We have previously shown that lower fornix shortening is documented either subjectively or semi-objectively by utilising a slit-light beam, the degree of upper forniceal obliteration is seldom quantified.5 Furthermore, we have shown that, at the initial visit to tertiary referral centres, Foster's staging of disease is undertaken in 100% of patients' lower fornix, but only 78% of patients had quantification of forniceal shrinkage. This is probably related to the difficulty in assessing lower fornix depth accurately without the aid of a made-for-purpose tool.6
Measurement of the fornices using devices such as the fornix depth measurer (FDM) has previously been described, but their design restricts accurate upper fornix measurements.7 8 Specifically, the depth and curvature of the upper fornix dictates that the ideal FDM must be sufficiently long and curved to enable comfortable and accurate assessment of it. We previously used in routine clinical practice an FDM based on that designed by Schwab et al,7 but its design was suboptimal (figure 1). In 2004, a modification of the Schwab FDM was designed at Moorfields Eye Hospital for a clinical trial9 and is currently being used in an epidemiological study. In 2007, we wanted to redesign and evaluate a bespoke comfortable prototype that could provide an accurate tool for improving forniceal sac documentation in the outpatient clinic setting, with potential for wider-scale commercial manufacture. In this study we describe this custom-designed FDM constructed specifically to facilitate evaluation of the depth of the upper conjunctival fornix, and we assess intraobserver and interobserver variability in gauging the extent of the upper and lower fornices by validating the FDM and comparing it with subjective assessment of fornix shrinkage.
Materials and methods
Design of a bespoke FDM
A polymethylmethacrylate FDM was designed using industry-standard jewellery computer software (CAD V5, 3Design, Brussieu, France, 2007). The virtual model was then exported as an. STL file into a program to set the cutting parameters for the milling machine (Modela Player V4; Roland DG, Shizuoka, Japan, 2002) (figure 2A). The virtual model was cut with a machine to a precision of 2 μm/step, and increments were expressed at 2 mm intervals at both ends of the FDM: the main ‘body’ and the ‘handle’. This design feature enables measurement of the fornix in the context of multiple symblephara, which could potentially hinder the smooth passage of the FDM to the limits of the conjunctival sac. The FDM measured 25 mm × 5 mm and was moulded to a biconcave shape to ensure ease of insertion and comfort (figures 1C and 2B).

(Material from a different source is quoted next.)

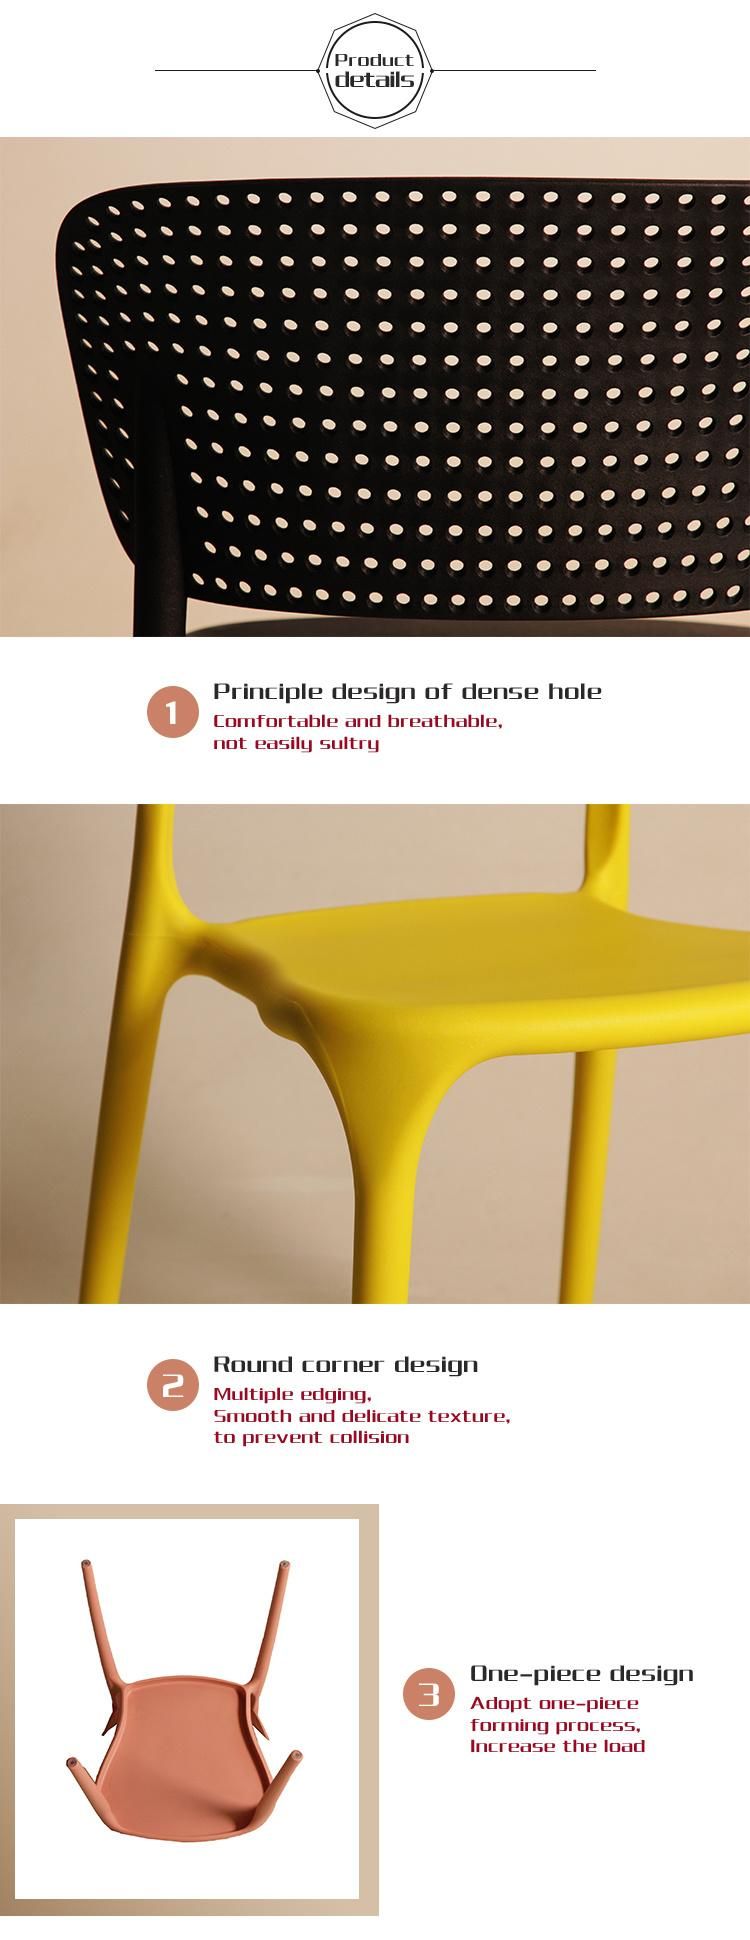 Scandinavian Plastic Chair Recycled Days End Chairs for Young Adults PP Restaurant Cafe Slatted Ceremony Empilable

An evaluation of the bespoke FDM was undertaken through a prospective, masked, independent assessment of central lower fornix depth by two observers (GPW, TS), following the Tenets of the Declaration of Helsinki. This was undertaken as a service evaluation at the Birmingham and Midland Eye Centre (BMEC). The validation of the FDM was conducted on a heterogeneous group of patients comprising clinically normal and abnormal conjunctival fornices presenting to BMEC. This heterogeneity enabled a wide range of fornix depths to be tested with the bespoke FDM.
The cohort consisted of 51 eyes of 26 patients with a median age of 64 years (range 42–100), of whom 65% (17/26; 33/51 eyes) had an identifiable cause of cicatrising conjunctivitis (OcMMP, 10; dry eyes, five (including three with Sjögren's syndrome); Stevens–Johnson syndrome, two) and 35% (18/51) had no evidence of conjunctival scarring (age-related macular degeneration, four; uveitis, three; peripheral ulcerative sclerokeratitis, two).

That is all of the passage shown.